The first four described are, however, all included in the ḥurr ṣāfī. According to the idiom of Arab falconers, the ḥurr ṣāfī must have the back “free from Pleiades,”[211] the “prop” feathers “clear of marks,”[212] and the two outside feathers (one on each side) “void of stain.”[213] Also it must have no cheek stripe, nor black under the eyes. Should the hawk not have these points, they class it as jibālī and not as ḥurr ṣāfī.
X
YOUNG PASSAGE SAKER (DARK VARIETY)
Bālābān-i Lafīf.—Next is the bālābān-i lafīf,[214] and of this there are three varieties, the yellowish, the dark, and the light. All three have cheek-stripes or dark feathers under the eyes. As in the case of the eyess chark͟h, if this race is taken from the nest it is called in Turki aitālgī, in Arabic wacharī,[215] and in Persian chark͟h. Should it have left the nest and be caught in a net, it is called (in Persian) bālābān-i lafīf.
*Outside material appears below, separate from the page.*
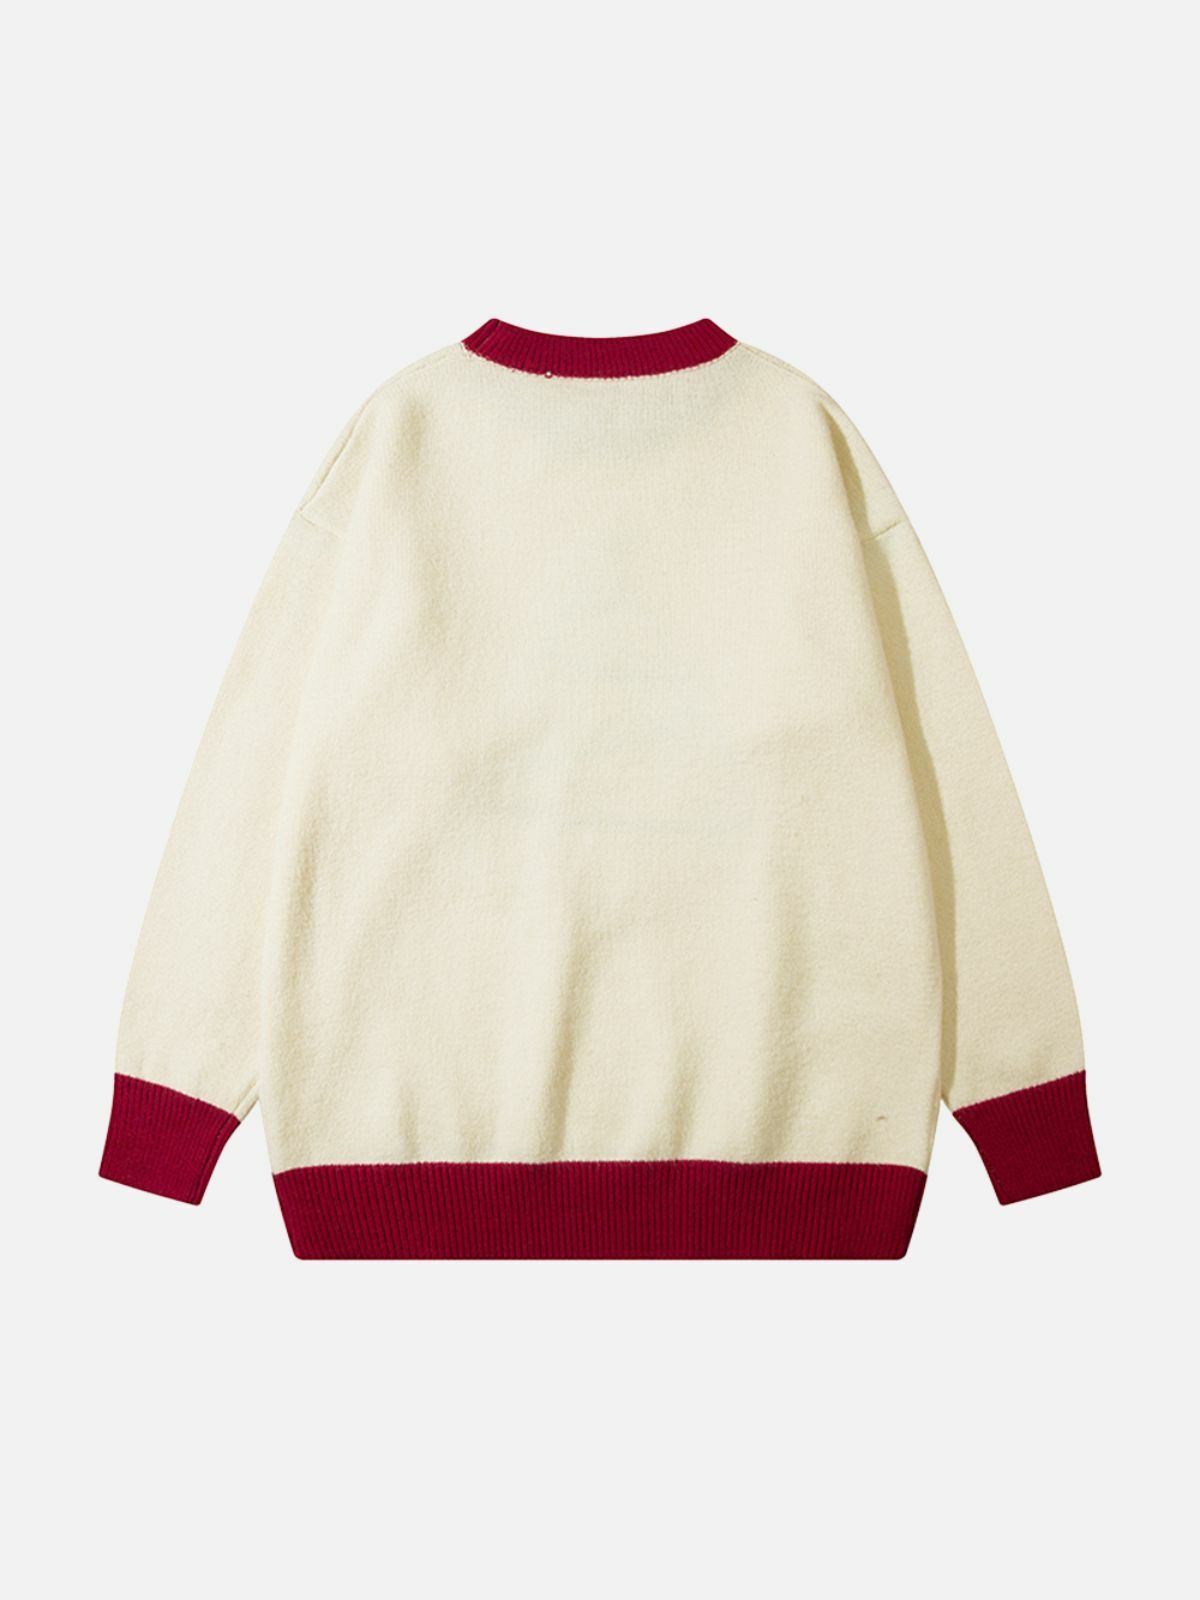 evergreen delight sweater festive & vibrant y2k fashion 8946
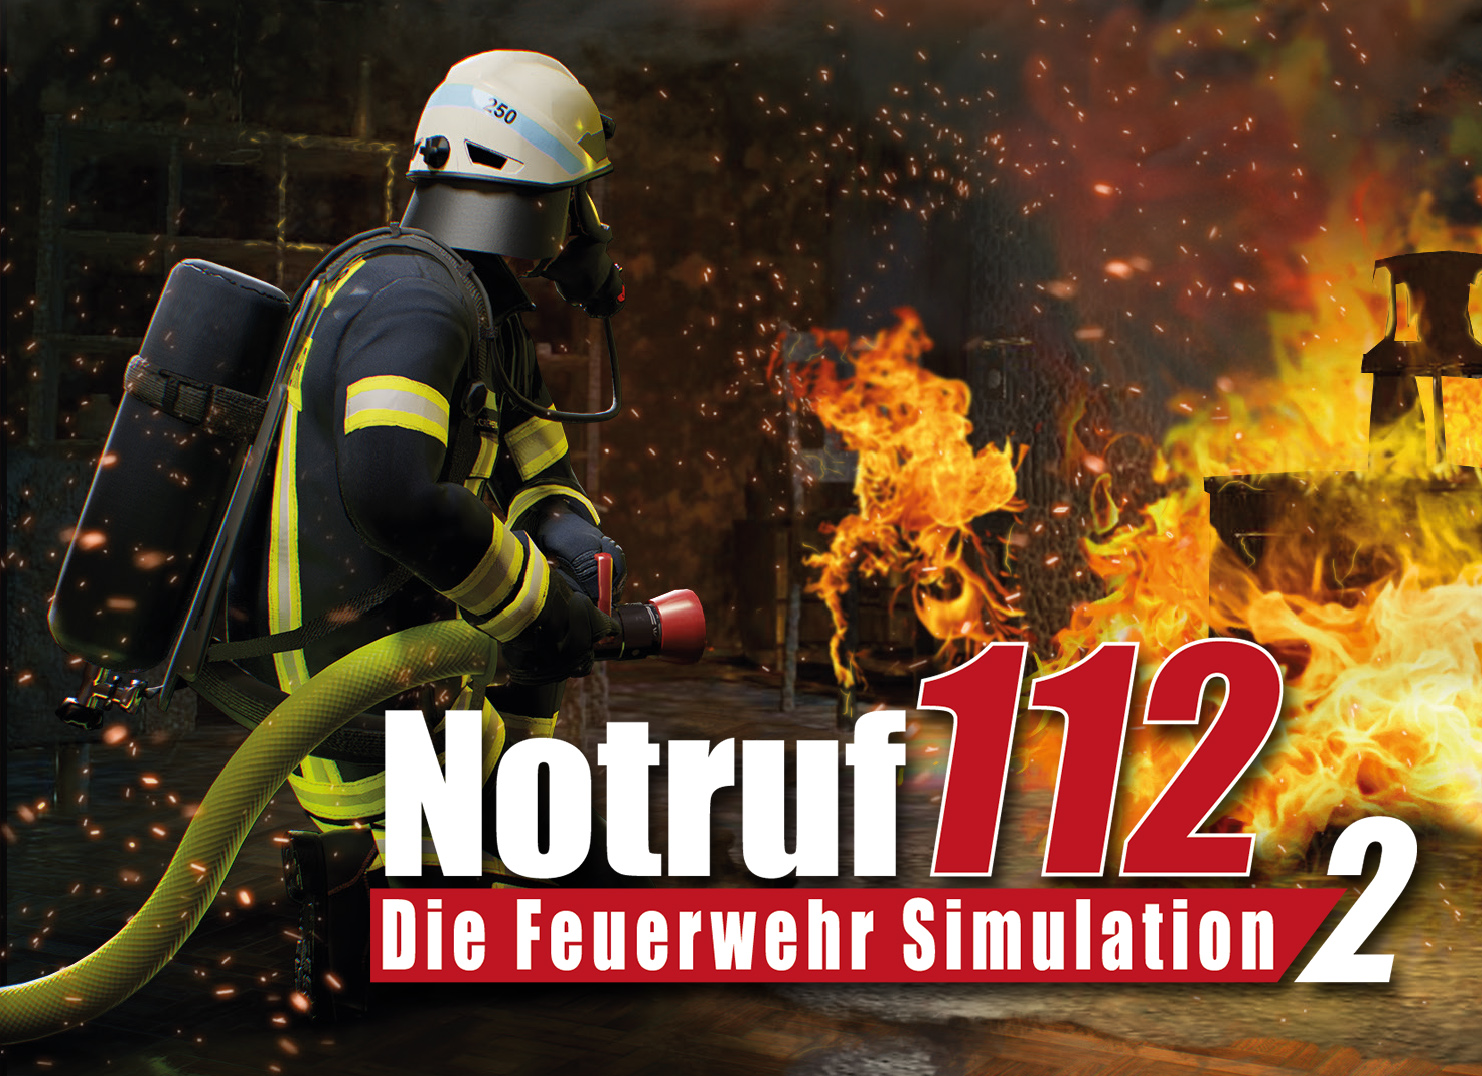 Feuerwehr so nie: – März DIE SIMULATION 112 startet real NOTRUF wie im GENtv – 2 noch FEUERWEHR

Now as for those four races described above as ḥurr ṣāfī, I have in my many travels and constant inquiries never met with any hawk-catcher or sportsman[216] who has taken a ḥurr ṣāfī from the nest. No one even knows in what country, birds of this race breed. All I know for certain is, that in the beginning of Autumn they come to us from across the sea, from the direction of Muscat and Baḥrayn.[217] God knows where they breed and whence they travel. Those that I have seen in Persia, Turkey,[218] and Europe[219] have all been lafīf and have all had cheek stripes.
The lafīf is to the ḥurr ṣāfī what the t̤arlān is to the qizil, or what the Nejd[220] horse is to the Turkoman pony.[221] Moult after moult the ḥurr ṣāfī becomes better, whereas the lafīf flies well for not more than three seasons: after that it becomes cunning.[222] I have at present two bālābān of the ḥurr ṣāfī race, one of sixteen and one of seventeen moults; one is “Persian” and the other “Red Syrian.”[223] Both are still excellent at common crane.[224] Birds of this race, while life lasts, year by year improve, for their nature is noble.
The Bālābān-i Lafīf of Baghdad.—A variety of the Lafīf that I have met with nowhere except in Baghdad, is called by Baghdad falconers Wacharī.[225] In general colouring, it is dark with a tinge of red on the head. The flight-feathers are dark in colour and long, extending beyond the tail. It has small feet and the female is about the same size as the tiercel of the eyess chark͟h.[226] It is very swift, nearly as swift as the shāhīn. It takes the small piebald crow,[227] black partridge,[228] and stone-plover, with ease. Some few I have seen that would take houbara.
It has a great outward resemblance to the Hobby which is found round Teheran.